[Recorded information]
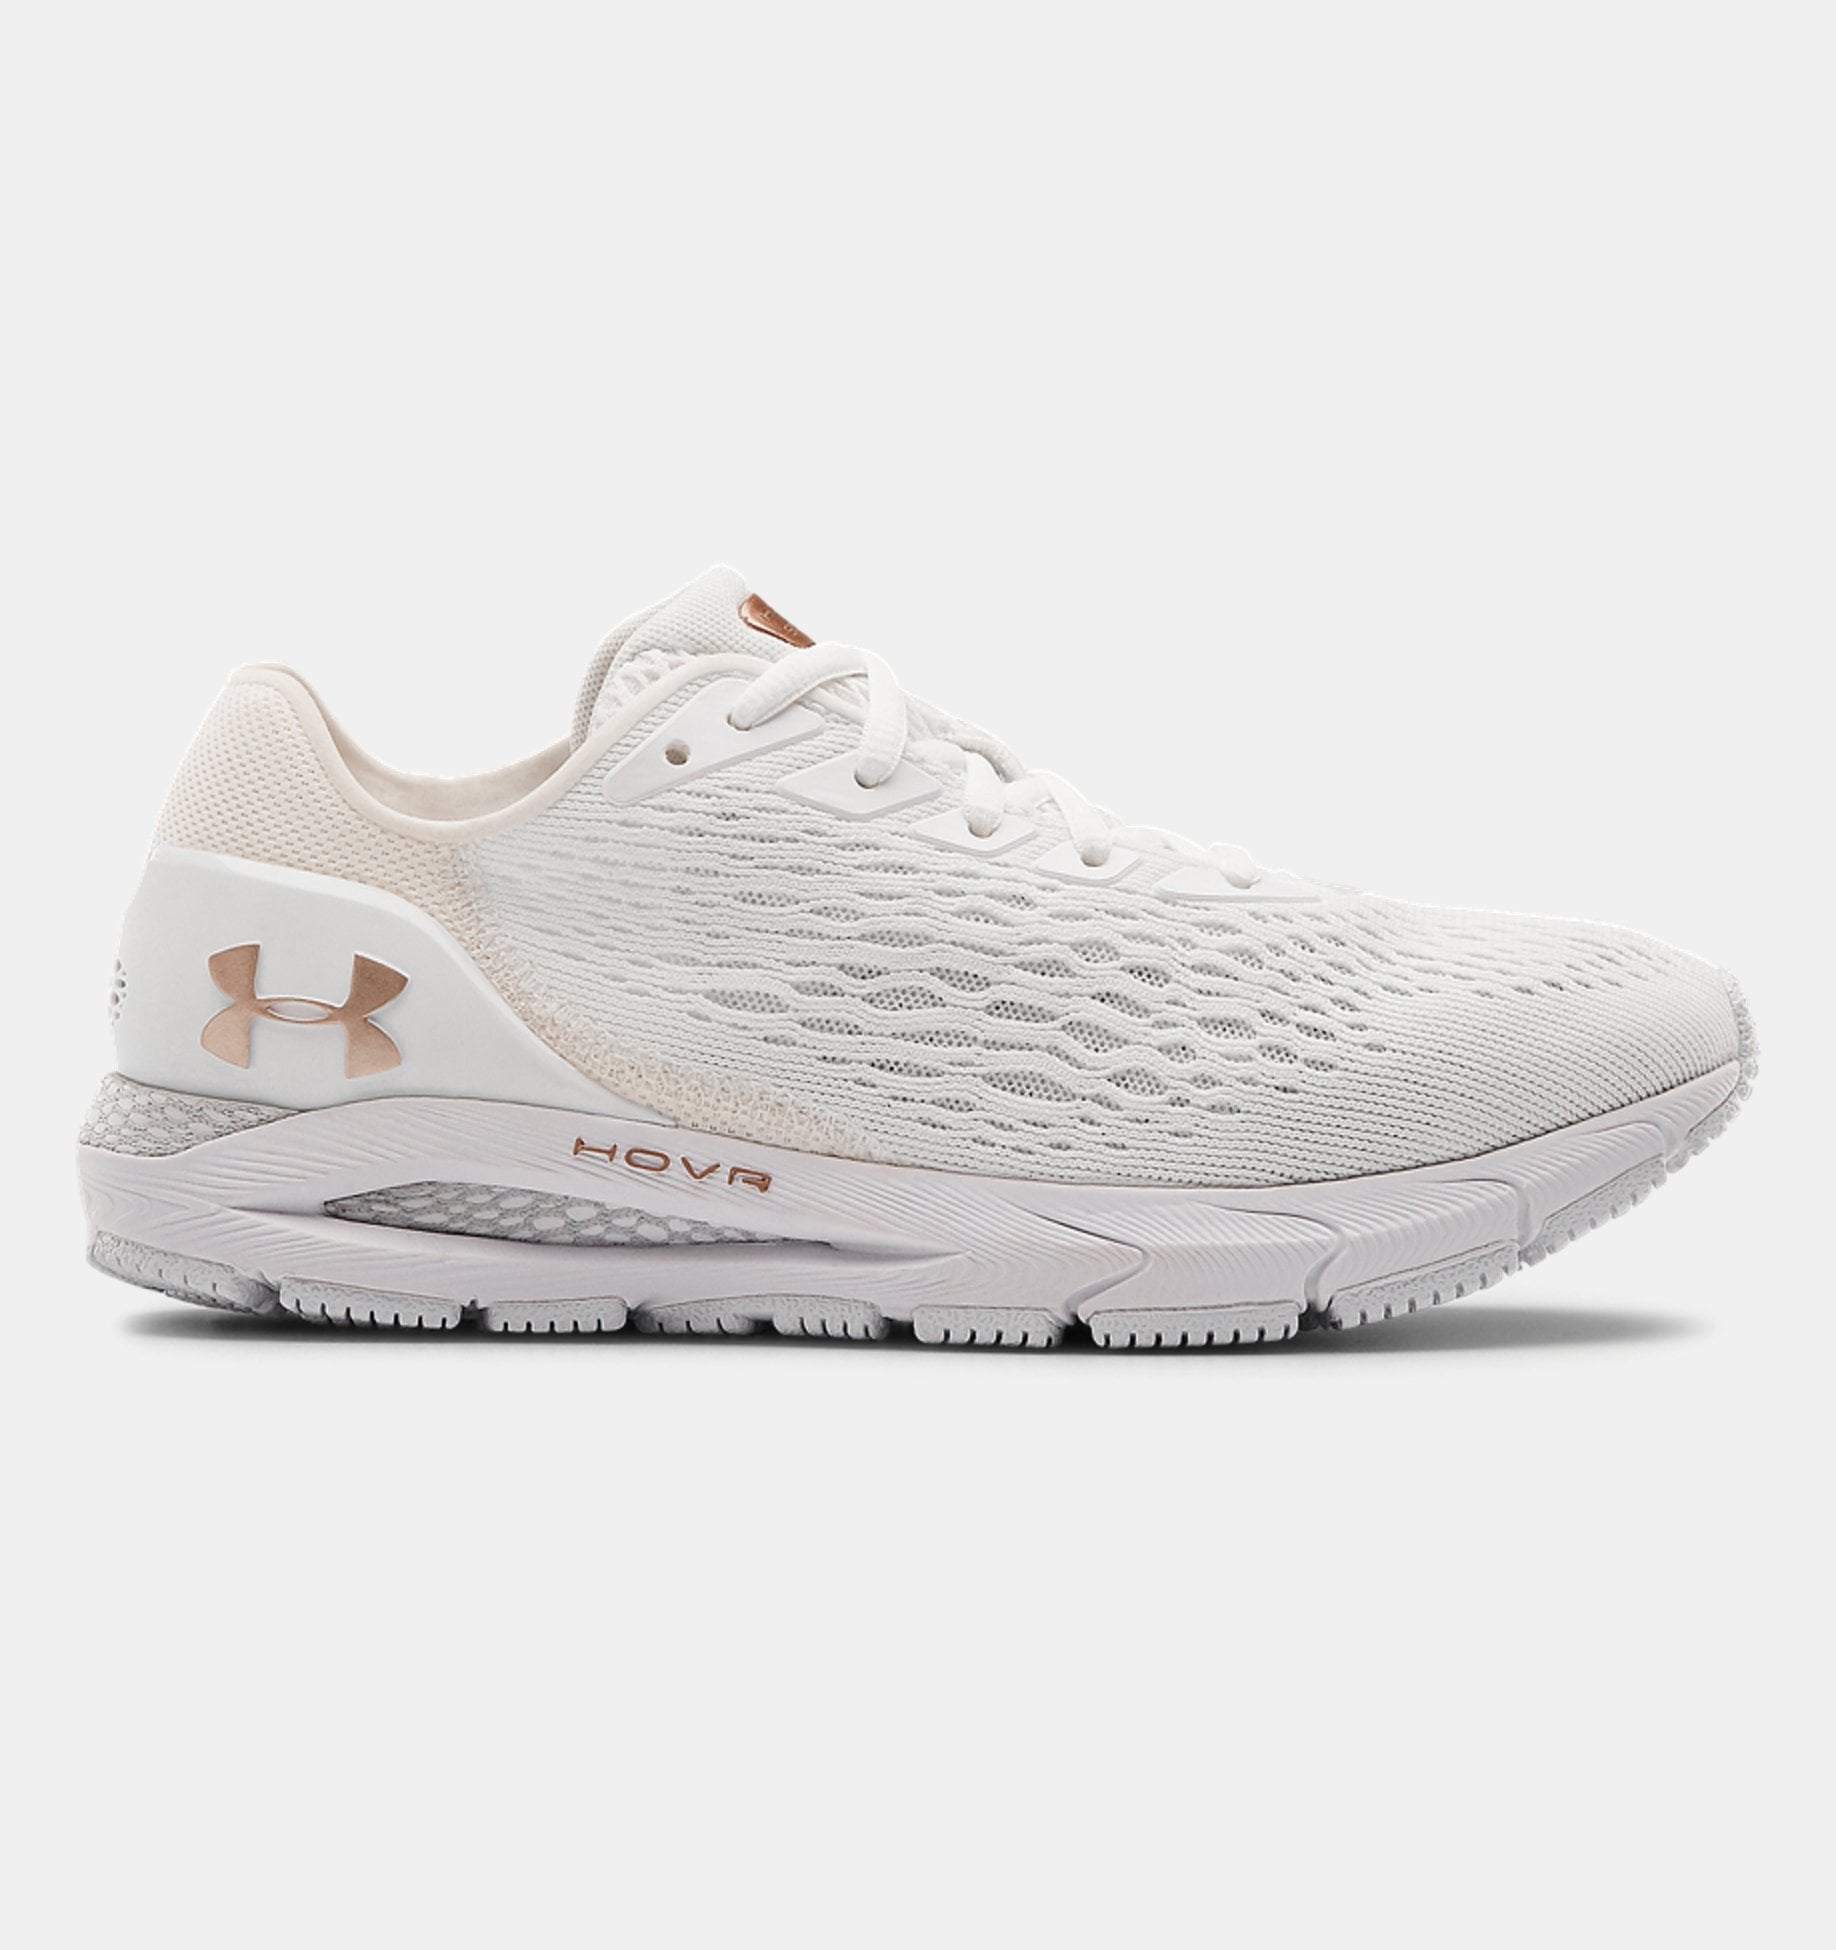 Under Armour Walking Shoes That Add 
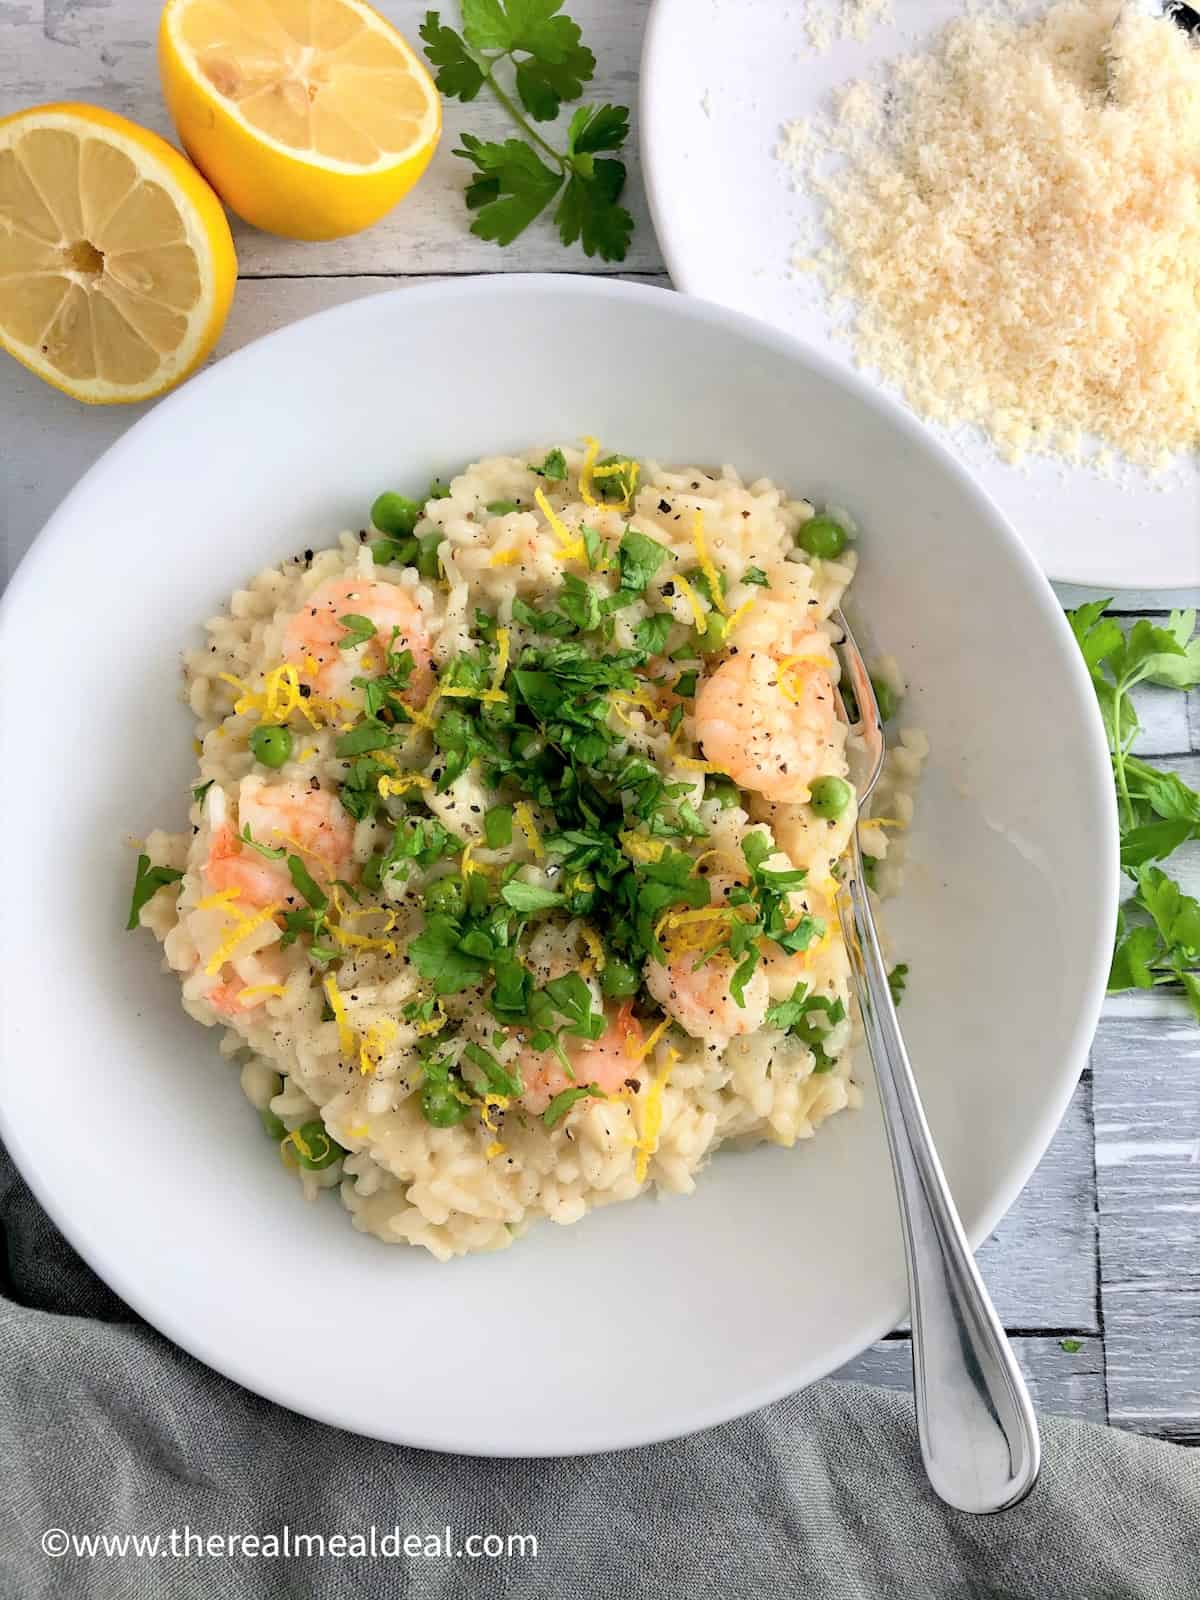 prawn and pea risotto in bowl topped with fresh parsley leaves lemon zest lemon halves parsley leaves and grated parmesan to side of dish
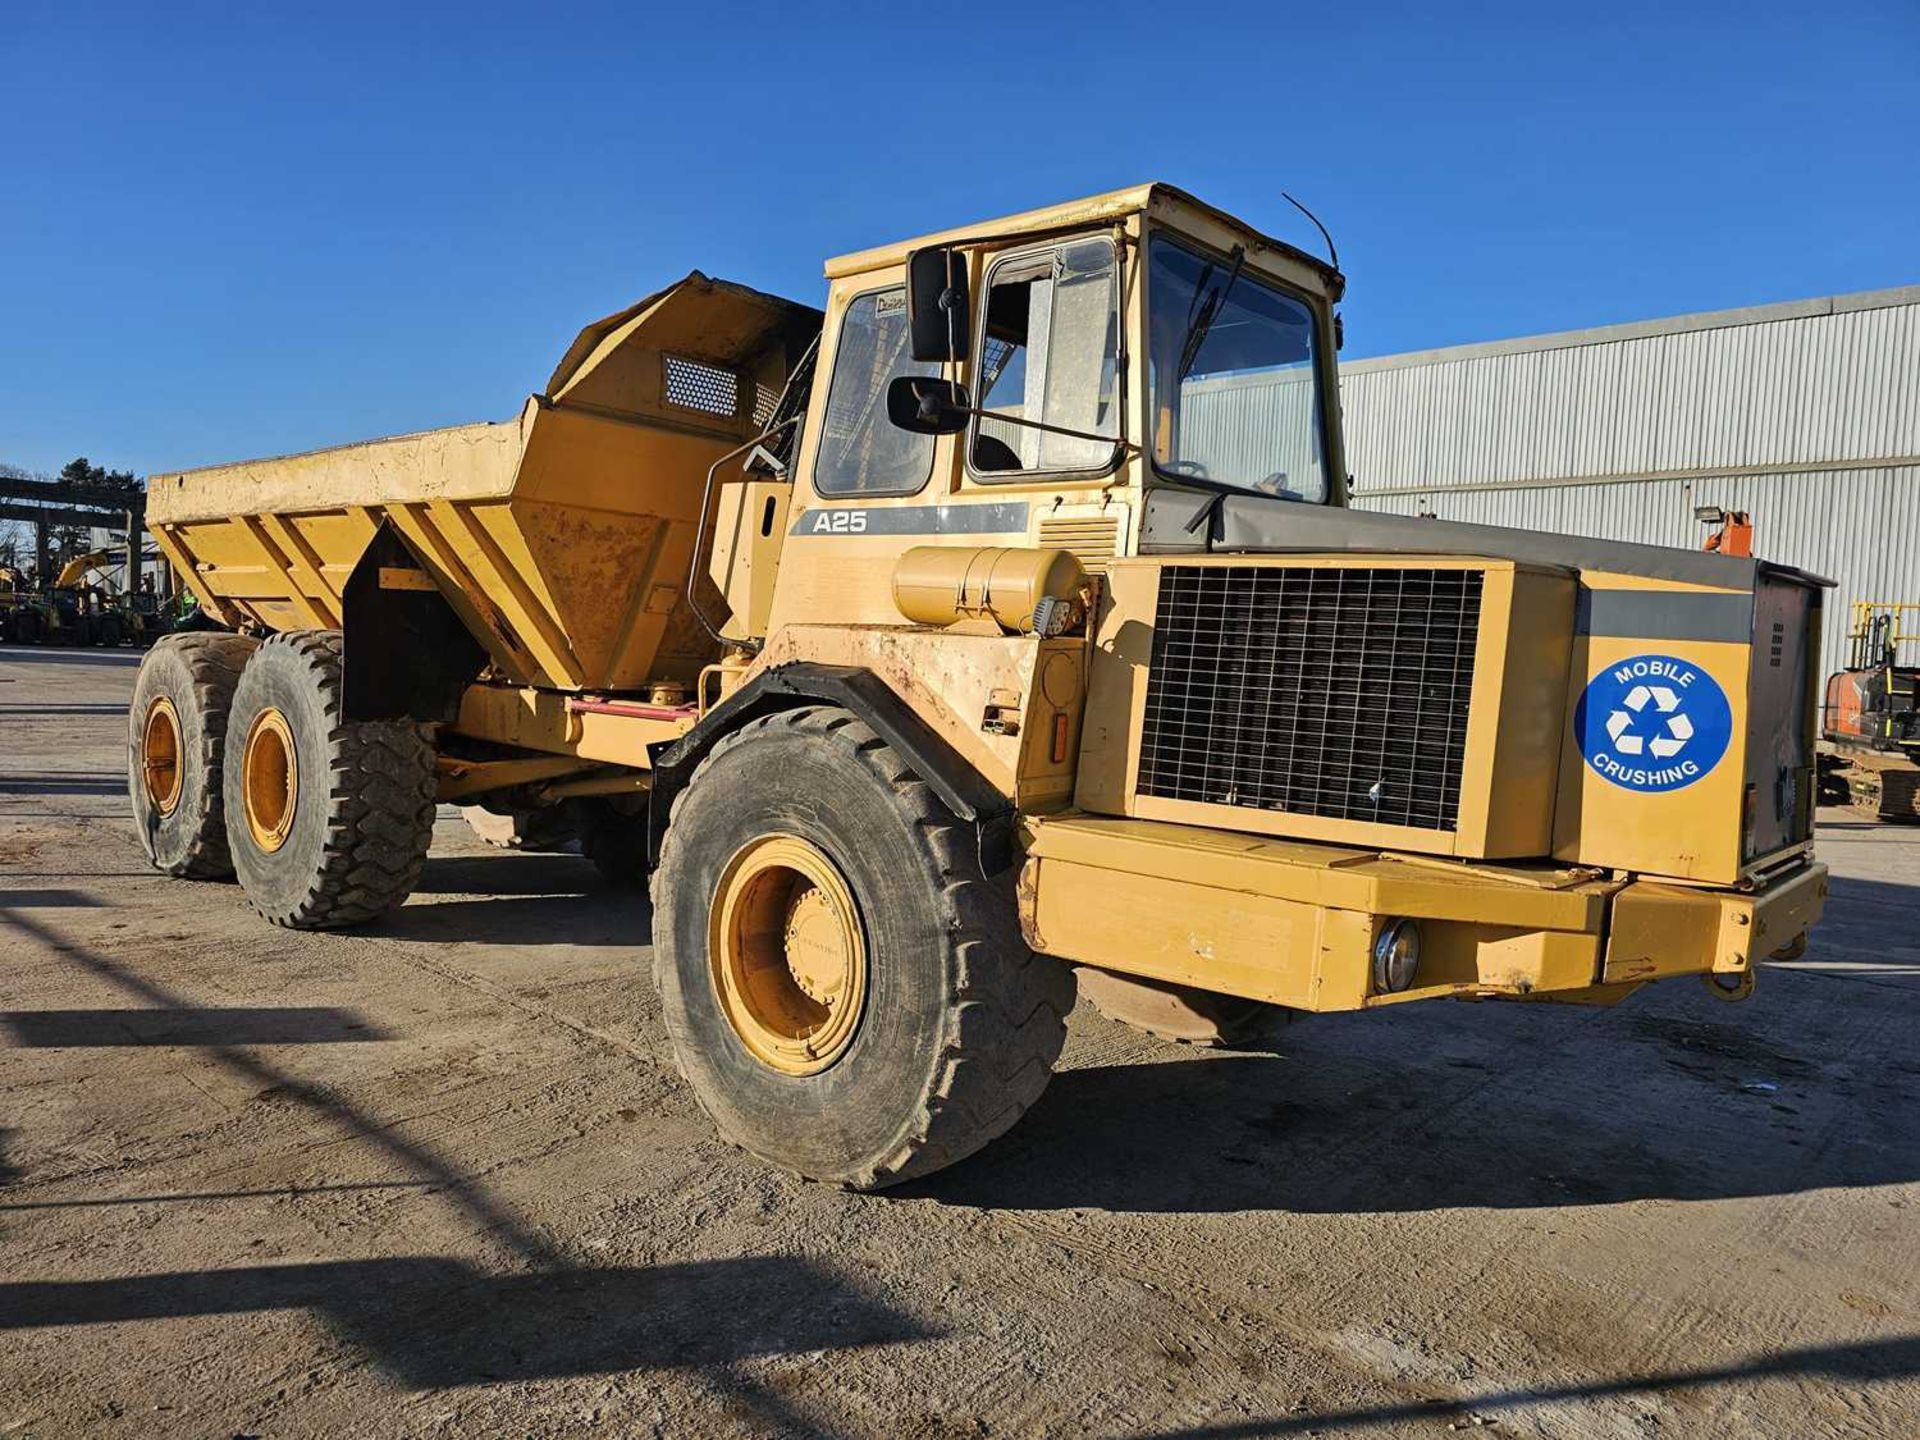 Volvo A25 6x6 Articulated Dumptruck, Reverse Camera - Image 8 of 27

[Requirement] The output is to be the material in full and unaltered, with pictures omitted.

[Exercise response]
 Under Armour Walking Shoes That Add 
 prawn and pea risotto in bowl topped with fresh parsley leaves lemon zest lemon halves parsley leaves and grated parmesan to side of dish
 Volvo A25 6x6 Articulated Dumptruck, Reverse Camera - Image 8 of 27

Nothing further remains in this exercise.